What the Order Actually Does

The order applies to all city agencies and facilities. Under EO 13, city employees are barred from assisting ICE operations unless a court order compels them to do so. It also directs city departments to sharply limit data sharing with federal immigration authorities — cutting off access to information that ICE has historically used to locate and detain individuals.

The three protected categories — schools, hospitals, and homeless shelters — were chosen deliberately. These are places where vulnerable people seek help regardless of their immigration status. Mayor Mamdani framed the order as a protection for New Yorkers who would otherwise avoid seeking medical care, enrolling their children in school, or accessing emergency services out of fear of deportation.

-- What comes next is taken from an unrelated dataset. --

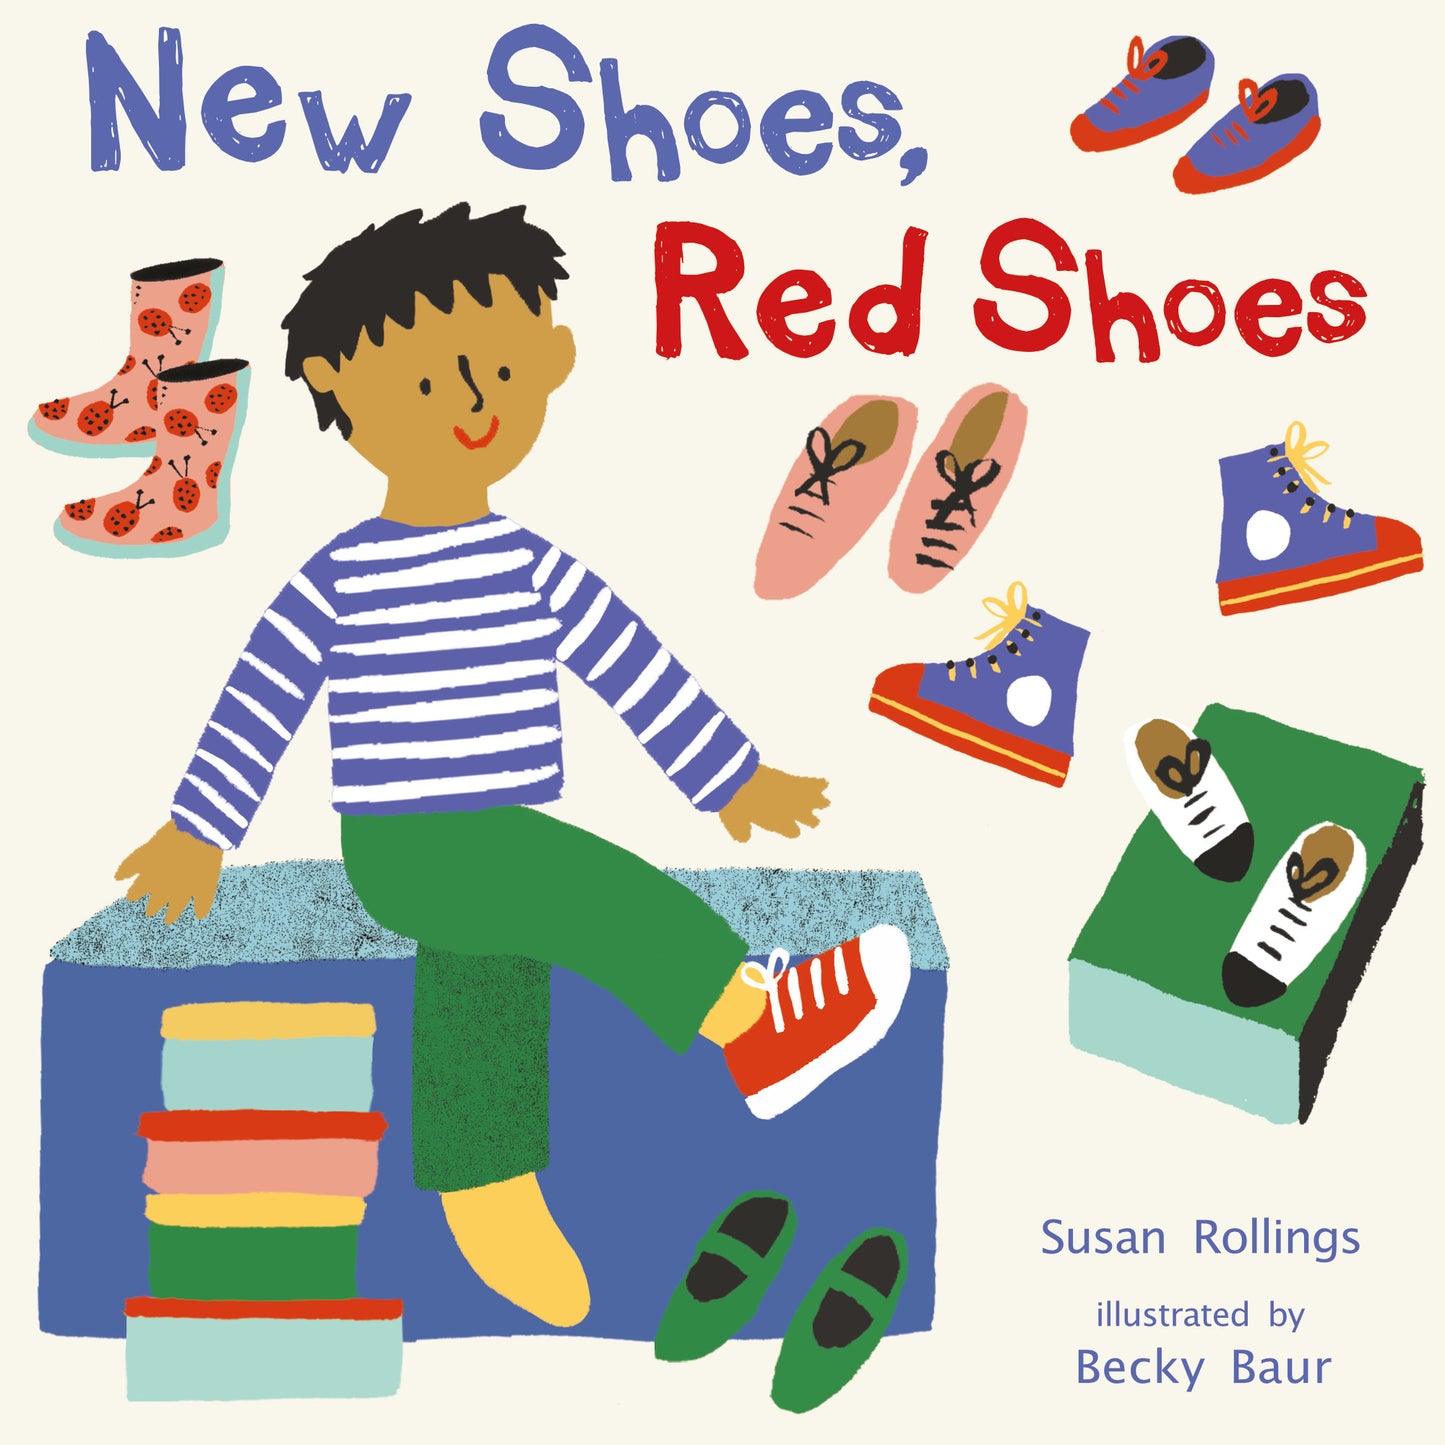 New Shoes, Red Shoes (Hardcover Edition)

The Political Collision Course

The order is already drawing fierce backlash from federal officials. The Trump administration has been aggressive in pressuring sanctuary cities, threatening to withhold federal funding and deploying additional enforcement resources in jurisdictions that resist cooperation. New York’s move puts it directly in the crosshairs of that pressure campaign.

Critics argue the order obstructs federal law enforcement and creates an illegal barrier to legitimate immigration enforcement operations. They contend that cities do not have the legal authority to override federal enforcement priorities and that New York is putting itself at serious risk of losing billions in federal funding. Supporters counter that judicial warrants are a constitutional baseline — not a special protection — and that no mayor should need to sign an executive order to enforce the Fourth Amendment.

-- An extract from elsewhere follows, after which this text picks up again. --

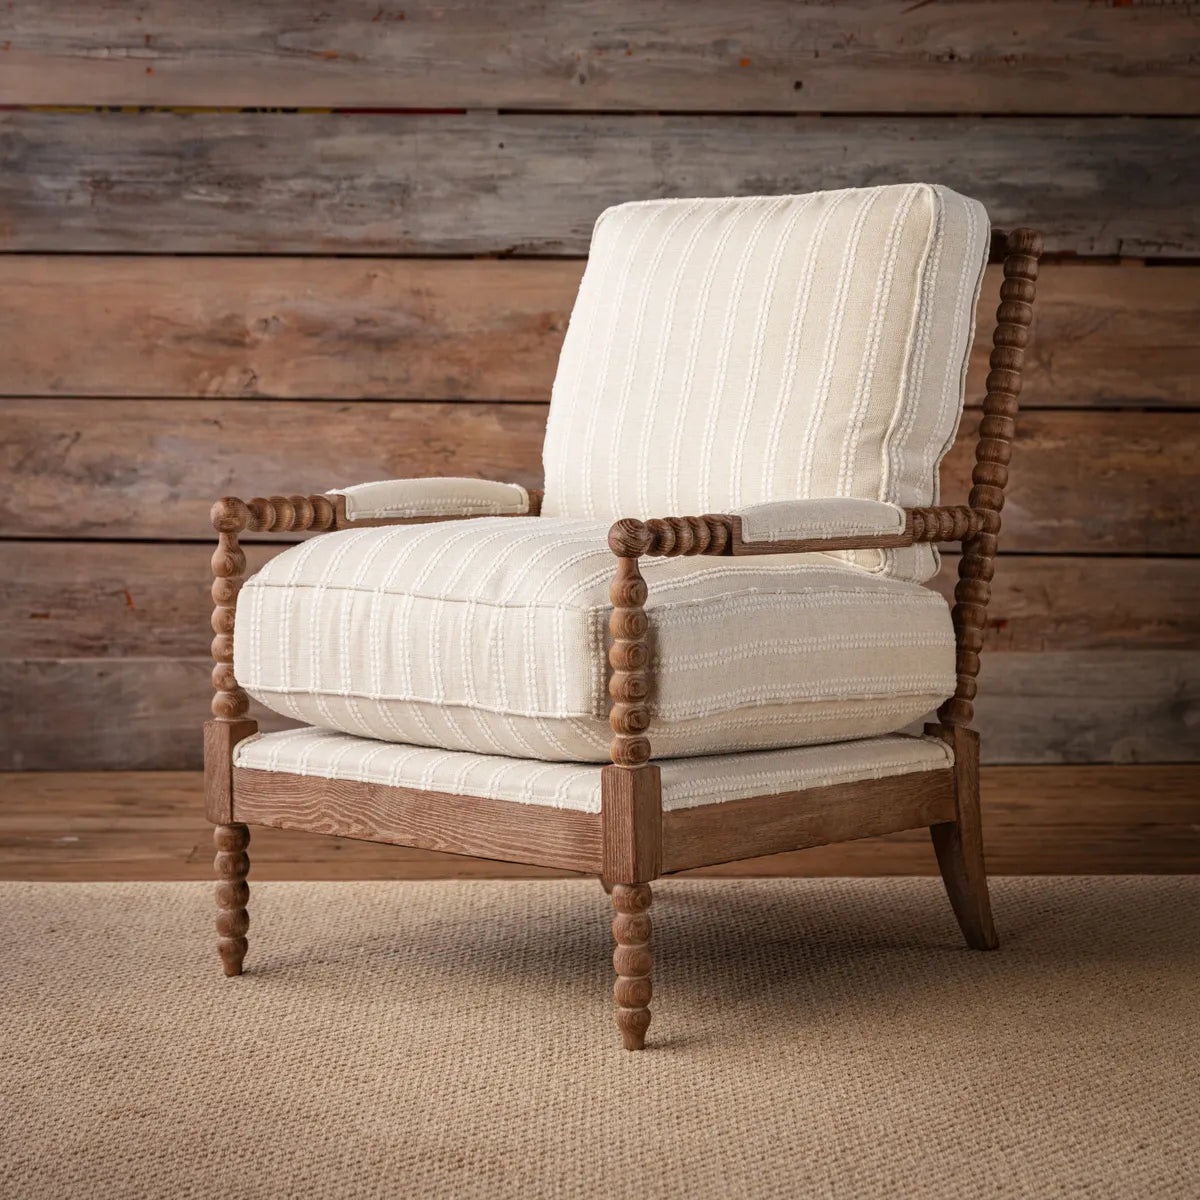 Colorado Spool Chair THE ALLEY EXCHANGE, SPOOL LEGGED ACCENT CHAIR FOR SALE

The Minneapolis Killings Changed the Conversation

The stakes in this debate are not purely political. Earlier this year, federal agents shot and killed two U.S. citizens during immigration enforcement operations in Minneapolis — incidents that intensified the national conversation over how far ICE can go and whether cities have a legal and moral obligation to push back. Mayor Mamdani explicitly cited the need to prevent similar tragedies from occurring in New York City.

The Minneapolis killings marked a turning point for many local officials who had previously taken a softer approach to federal immigration cooperation. For Mamdani — who took office in January 2026 after winning on an explicitly progressive platform — EO 13 is the clearest signal yet that New York intends to use every tool available to limit ICE’s reach within city limits.

What This Means for New Yorkers

For the estimated 500,000 undocumented immigrants living in New York City, this order has real, immediate consequences. It means a parent can take a sick child to a city hospital without fear that ICE agents are waiting in the lobby. It means a student can go to a public school without worrying about federal enforcement on the grounds. Whether the order survives a legal challenge — and whether the federal government moves to retaliate with funding cuts — is a fight that is just getting started.